Das war, so Aderhold, die Grundlage für die Genehmigung des Fensterkonzerts, das ungefähr drei Wochen vor dem Termin als Idee entwickelt wurde. Das Einholen der Genehmigung, das „Zusammentrommeln“ der Musiker, die Auswahl der Stücke sowie die (Termin-)Absprache mit der Pflegeeinrichtung waren innerhalb dieser drei Wochen erledigt, sodass sich am vergangenen Samstag 15 Autos nach Siegen in Bewegung setzten, um zu spielen. Diese Anzahl Autos war nötig, erklärt Stefan Aderhold, weil ja nur zwei maskierte Personen pro Fahrzeug erlaubt seien, wenn sie nicht aus einem Haushalt stammten …

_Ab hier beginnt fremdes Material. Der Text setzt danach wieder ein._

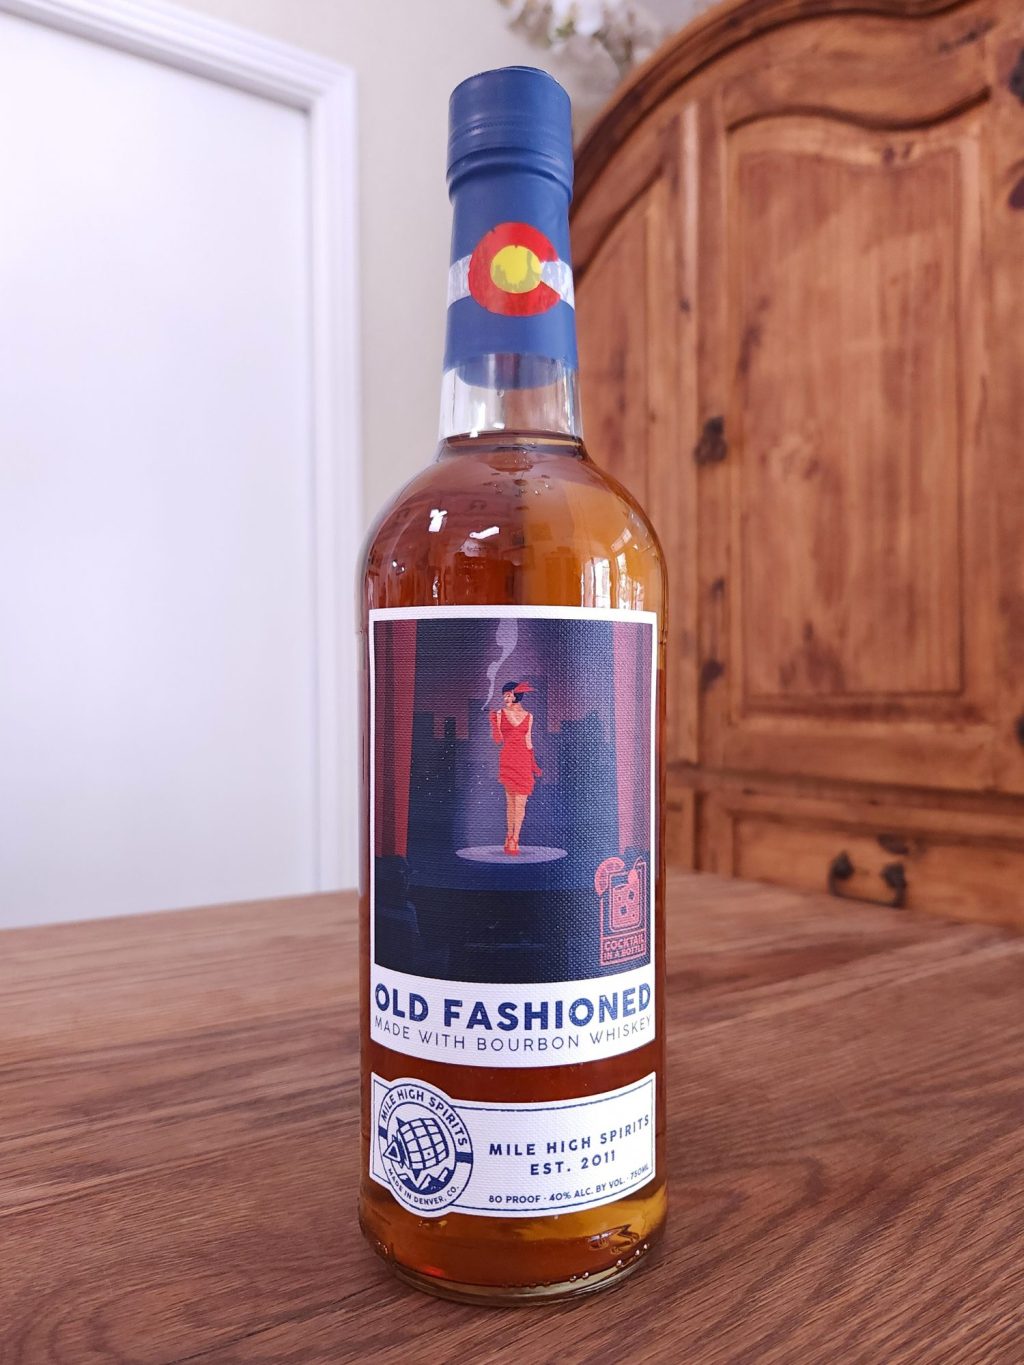 Bottle of Fireside Old Fashioned sitting on a wooden table, in front of a mixed white and wooden background

Die Truppe stellte sich im erforderlichen Zwei-Meter-Abstand vor dem Pflegeheim auf und legte los. Ohne vorherige Probe, die ist ja nur professionellen Ensembles erlaubt. „Wir haben“, sagt Stefan Aderhold, „die Stücke natürlich auch so ausgesucht, dass wir sie ohne Probe hinbekommen."
Offenbar so gut, dass die Darbietungen den vielen Zuhörern in der Kursana-Pflegeeinrichtung immer wieder ein Lächeln ins Gesicht zauberten. Mehrfach öffneten die Pflegekräfte die Fenster, damit die Musiker den Applaus der Bewohner auch hören konnten, wenn Stücke wie „Preußens Gloria“, „Gut gelaunt“ oder „Trocadero Mambo“ erklangen: Spielleute-Musik aller Stilrichtungen.
Die Bewohner wurden innerhalb des Heims – natürlich ebenfalls auflagengerecht – so hinter ihren Fenstern und auf Balkonen positioniert, dass alle den Innenhof sehen konnten und den Spielmannszügen zuhören konnten. Auch auf der Zuhörerseite muss die Einhaltung der Vorschriften selbstverständlich gewährleistet sein.
Mit selbstgebastelten Geschenken von den Nachwuchsmusikern, die diese vor dem Gebäude ablegten, gab es eine weitere Überraschung für die Senioren.
Der Auftritt war für alle beteiligten etwas Spezielles – ganz besonders aber für Nick Veith vom Spielmannszug TV Gosenbach, der zum Auftakt des Konzerts sein „Freiluft-Debüt“ als Tambourmajor gab.

Nächster Auftritt in Planung

Zum Abschluss gab es dann auch nochmal ein großes Dankeschön der Heimleitung und des Pflegepersonals an alle für den schönen Auftritt und die damit verbundene Abwechselung für die Bewohner vom Alltag im Heim. Nach den positiv aufgenommenen Fensterkonzerten im vergangenen Jahr war auch dieser wieder ein rundum gelungener Auftritt, der hoffentlich viele Nachahmer findet, um die Menschen mit Musik zu begeistern, aber auch sich selbst als musiktreibendem Verein die Möglichkeit bietet, endlich wieder in der Öffentlichkeit aufzutreten.
Auch wenn sich nicht jeder Musiker und jede Musikerin der beiden Vereine derzeit wohlfühlt bei dem Gedanken, mit anderen gemeinsam zu musizieren, so ist für die, die wollen und können, jedenfalls klar: Das nächste Konzert dieser Art wird geplant.